План осложнялся тем, что численность населения зимы была неизвестна, боеспособность – тоже, да и вообще неизвестным оставалось, по сути, всё, в зиме происходящее. Отрезанные от прочих нейтральными землями ноября и марта, непокорные, нелояльные к июльской элите, люди декабря, января и февраля вот уже полтораста лет представляли собой угрозу. Потенциальную, но могущую в любой момент стать реальной. Оливер Риган частенько говорил, что, найдись в зиме способный объединить население трёх месяцев энергичный и идейный вожак, и ситуация станет чревата тотальной гражданской войной и полным развалом экономики. Покончить с проблемой правящие кланы июля мечтали давно, однако до сих пор сделать этого не удавалось – люди зимы упорно не хотели ни вымирать, ни деградировать, ни даже установить с летом какое-либо подобие дипломатии. Также не признавали они и церковь, направленных в зиму выпускников ригановской семинарии в декабре не приняли и бесцеремонно изгнали. Вытолкали вон, наказав никогда не появляться впредь, если дорожат жизнью. Точно таким же образом февралиты обошлись с июльскими дипломатами.
– Поступила информация из апреля, – сообщил Бухгалтер. – Последние торги прошли успешно. Снижение расценок воспринято, как и ожидалось, негативно, но обошлось без инцидентов. Однако аккредитованный в боевом кочевье священник, некий Дюпре, сообщает, что, вероятно, следует ожидать обострений. Возможно, на следующих торгах стоит усилить апрелитов июньской ротой, а то и двумя. И вообще, господа, если позволите, моё мнение таково: в ближайшее время нам следует ожидать неприятностей. Каждая убывающая последовательность имеет предел. При его достижении, как правило, происходит кризис. В нашем случае он может обернуться социальным взрывом.
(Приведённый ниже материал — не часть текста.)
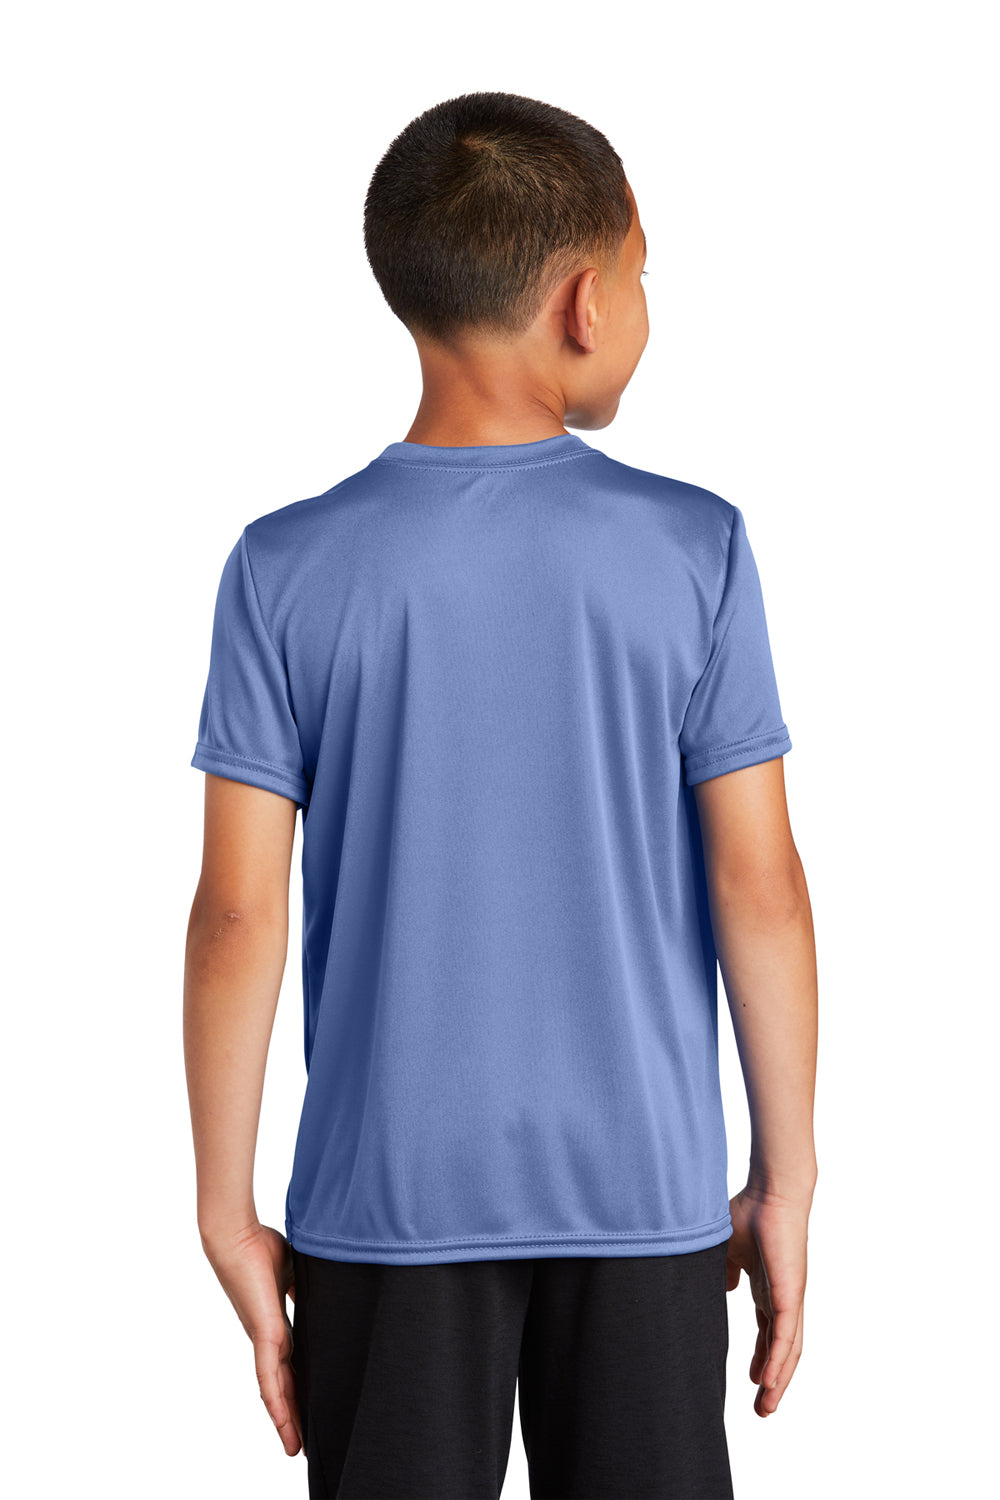 Port & Company PC380Y Youth Dry Zone Performance Moisture Wicking Short Sleeve Crewneck T-Shirt Carolina Blue Back

Думаю, что в зиме понимают, к чему идёт дело, и вместо локальных стычек мы можем получить организованный отпор. И войну, господа. На два года раньше, чем мы предполагали.
– Им нечем воевать, Дэвид, – пренебрежительно бросил Уотершор. – Уже сейчас нечем. Оружие у них на исходе, боеприпасы согласно расчётам – тоже. Даже если они затеют войну завтра, с нашей стороны это будет блицкриг. Да, конечно, не обойдётся без жертв, которых через пару лет можно было бы избежать. И без некоторого упадка в товарообороте. Однако подобные вещи – последствия любой войны. Да и потом, война – лишь один из возможных исходов. По моему мнению – маловероятный. Скорее всего, им придётся попросту сдаться на милость.
Джерри закурил, глубоко затянулся и откинулся в кресле. Сдаться на милость означало уничтожение мужчин и ассимиляцию женщин среди населения осенних и весенних месяцев. Об этической стороне вопроса, похоже, никто и не заботится, по крайней мере, в обсуждениях её тщательно избегали. Даже Самуэльсон, вместе с ним голосовавший против плана Уотершора – Ригана, поступил так лишь потому, что боялся экономического спада, а вовсе не из-за неприятия геноцида.
– На милость, говорите? – Джон Доу едва заметно улыбнулся. – По самым грубым прикидкам, сколько в зиме способных к сопротивлению мужчин?
– Тысяч двадцать, – быстро ответил Уотершор. – Может быть, двадцать пять. Но оружия у них нет. Хорошо, если одна винтовка на троих. А то и меньше. Ну, ещё охотничьи ружья. А через два года не останется вообще ничего. Мои парни одолеют их без боя.